The 52nd Rocket Division (52-я ракетная дивизия) was a division of the Soviet and Russian Strategic Rocket Forces, active from 1961 to 2002.

The division traced its lineage to the formation of the Red Army's 23rd Anti-Aircraft Artillery Division during World War II in January 1943. In the spring of that year it served on the Northwestern Front with the 27th Army, then was transferred to the Steppe Front with the army in May. The 23rd provided air defense for the army in the Belgorod–Kharkov Offensive, the Battle of the Dnieper, and the Battle of Kiev. In December it transferred to the 60th Army, with which it spent most of the rest of the war. The division fought in the Proskurov–Chernovitsy Offensive, the Lvov–Sandomierz Offensive, the Sandomierz–Silesian Offensive, and the Battle of Berlin. For helping to capture Ternopol and Berlin, the division received the cities' names as honorifics, and was awarded the Order of Bogdan Khmelnitsky and the Order of the Red Star for fighting in Silesia. At the end of the war in May 1945 the division fought in the capture of Dresden with the 3rd Guards Tank Army.

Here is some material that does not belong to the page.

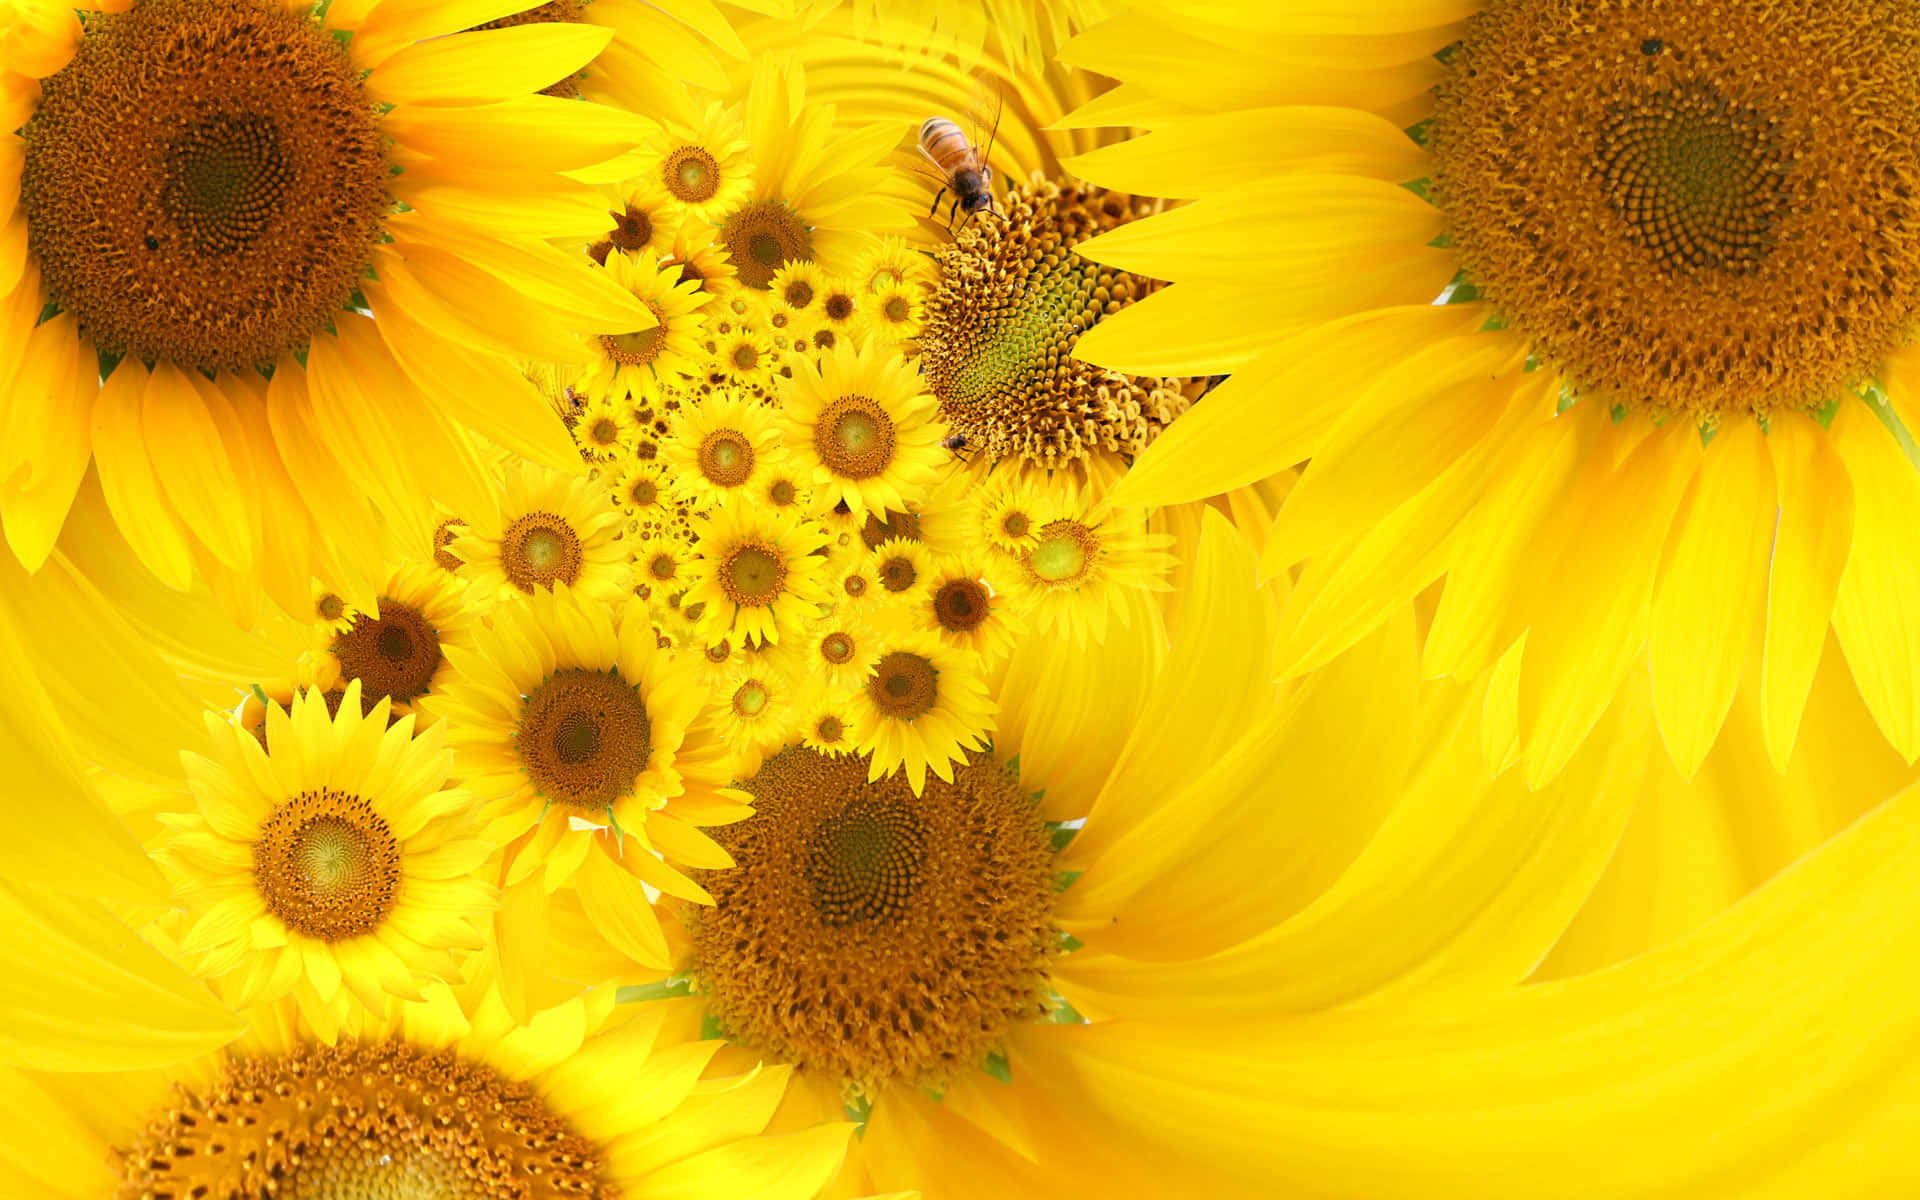 Sonnenblume,die Zum Sommerlichen Himmel Emporstrebt Wallpaper

Postwar, the 23rd was stationed near Vienna, and after the Soviet withdrawal from Austria in 1955 was stationed in western Ukraine and renumbered as the 97th Anti-Aircraft Artillery Division before being disbanded in 1960. Two of its regiments were used to form the 206th Rocket Brigade of the new Strategic Rocket Forces at Bershet, Perm Oblast. In 1961, the 206th was expanded into the 52nd Rocket Division, which inherited the honors of the 97th Division. Until 2002, as part of the 31st Rocket Army, the division successively operated R-16, UR-100, and RT-23 intercontinental ballistic missiles. It was disbanded in 2002 and its lineage inherited by a base for storage and transshipment which was tasked with dismantling the division's missile facilities. The base was disbanded in 2007 after the completion of its task.

== World War II ==
The 23rd Anti-Aircraft Artillery Division of the Reserve of the Supreme High Command (RVGK) began forming on 15 January 1943 in Moscow at the Anti-Aircraft Artillery Training Center, part of the Moscow Military District. It was formed from personnel of the Sevastopol Anti-Aircraft Artillery School and VNOS (Air Warning, Observation, and Communications) troops, and was commanded by Colonel Nikolay Sitnikov. Writer Sergey Smirnov served with the division from its formation. The 23rd completed its formation on 21 February, and included the 1064th, 1336th, 1342nd, and the 1348th Anti-Aircraft Artillery Regiments. The 1354th Anti-Aircraft Artillery Regiment was part of the division on 1 February, but was replaced by the 1064th after being transferred to the 27th Anti-Aircraft Artillery Division by the time formation was completed. The 1064th was armed with heavier 85 mm guns, while the other three regiments had 37 mm guns.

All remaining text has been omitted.